Page 50 - MSDN Magazine, August 2017
P. 50

AZURE
Batch Processing Using a
Serverless Architecture
Joseph Fultz
For Azure enterprise customers, a key challenge in managing their cloud footprint is the ability to control what they spend and to charge those costs back to the consumers. Fortu- nately, there are several vendors that provide tools, such as Cloud Cruiser, Cloudyn, and Cloudability, to help with collecting usage data and generating a rich set of reports. Additionally, you can find many good examples of how to pull data programmatically, such as the post from a former co-worker of mine, Ed Mondek, in which he shows how to pull data into Excel and view it (bit.ly/2rzDOPI). However, if you want to pull that data regularly and enable his- torical, present trend and predictive views, you need to store a lot more data. For a large enterprise with thousands of resources per subscription, that amount of data can be daunting and is certainly not what you’d want to fetch and keep on a local machine.
Luckily, there’s another way. In this article I’m going to walk you through the serverless Extract-Transform-Load (ETL) process I set up to extract such data, provide a little enrichment and store the data to a place where further work (analytics, map-reduce and so forth)

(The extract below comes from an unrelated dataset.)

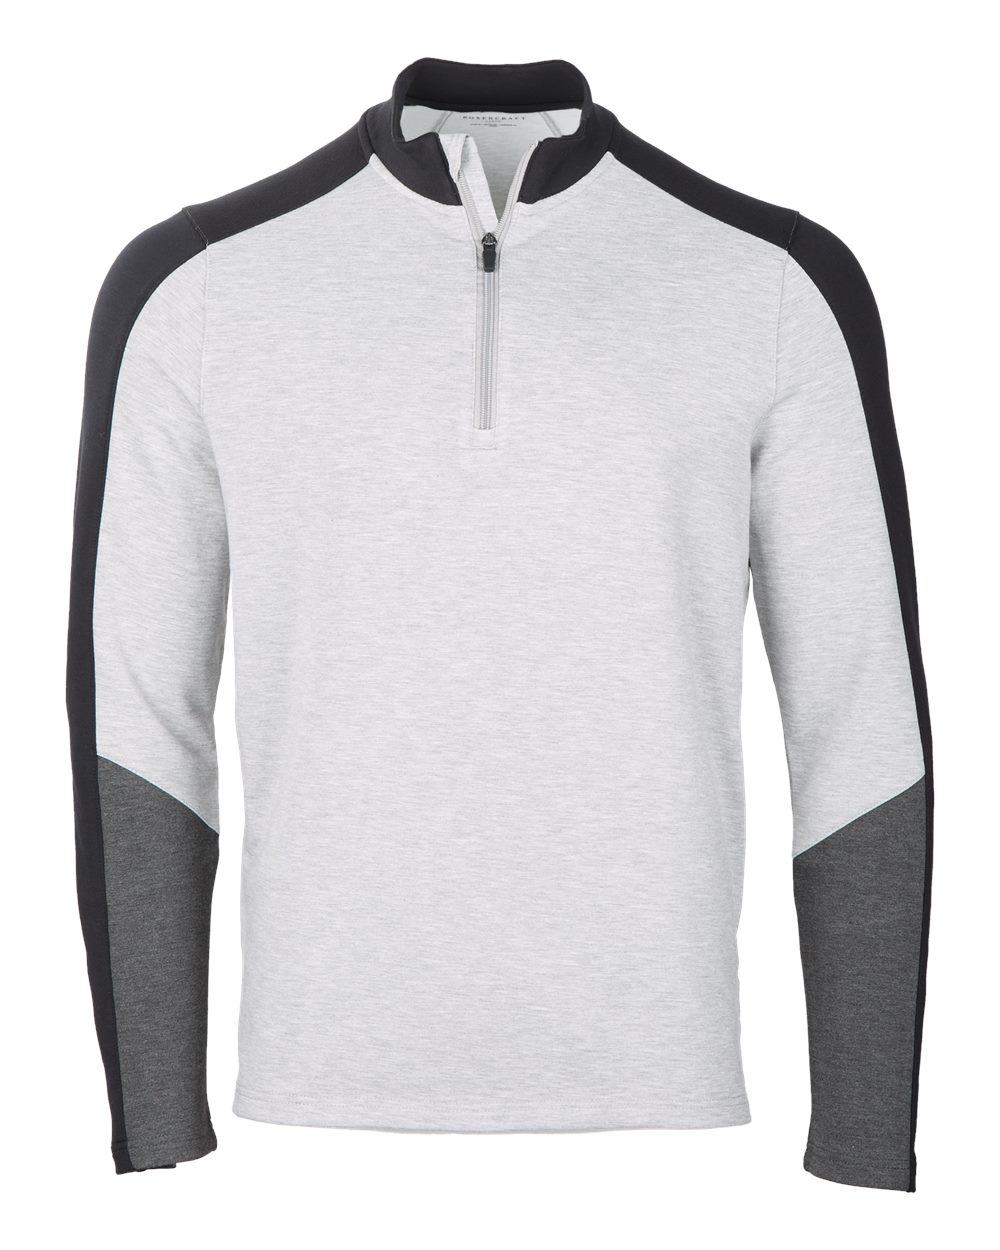 click to view Oxford/ Black/ Charcoal Heather

can be done. I’ll touch on the overall design, key decision points and important things to consider in taking a serverless approach.
Determining Consumption
The first decision is choosing between the Enterprise Agreement (EA) Billing API and the Azure Billing API, which centers its requests around specific subscriptions. My prototype is targeted at enterprise customers with multiple enrollments in an EA. In the scenario with which I’m working, subscriptions are being used as part of the management boundaries for both specific product groups and for separating production from non-production resources. This could result in a fairly high number of subscriptions in flux due to the volatile proof-of-concept (PoC) type of work being cre- ated as new groups and new product lines start up in Azure. Thus, I chose to work with the EA API because it reduced the scope of work in that I don’t have to create a discovery mechanism for subscriptions. This leaves me with the noted challenge of not having any data for subscriptions created outside of the enrollments for the enterprise. While this is an important area to tackle, it comes with a number of other process and management challenges that have to be solved organizationally and is outside the scope of the work I want to accomplish.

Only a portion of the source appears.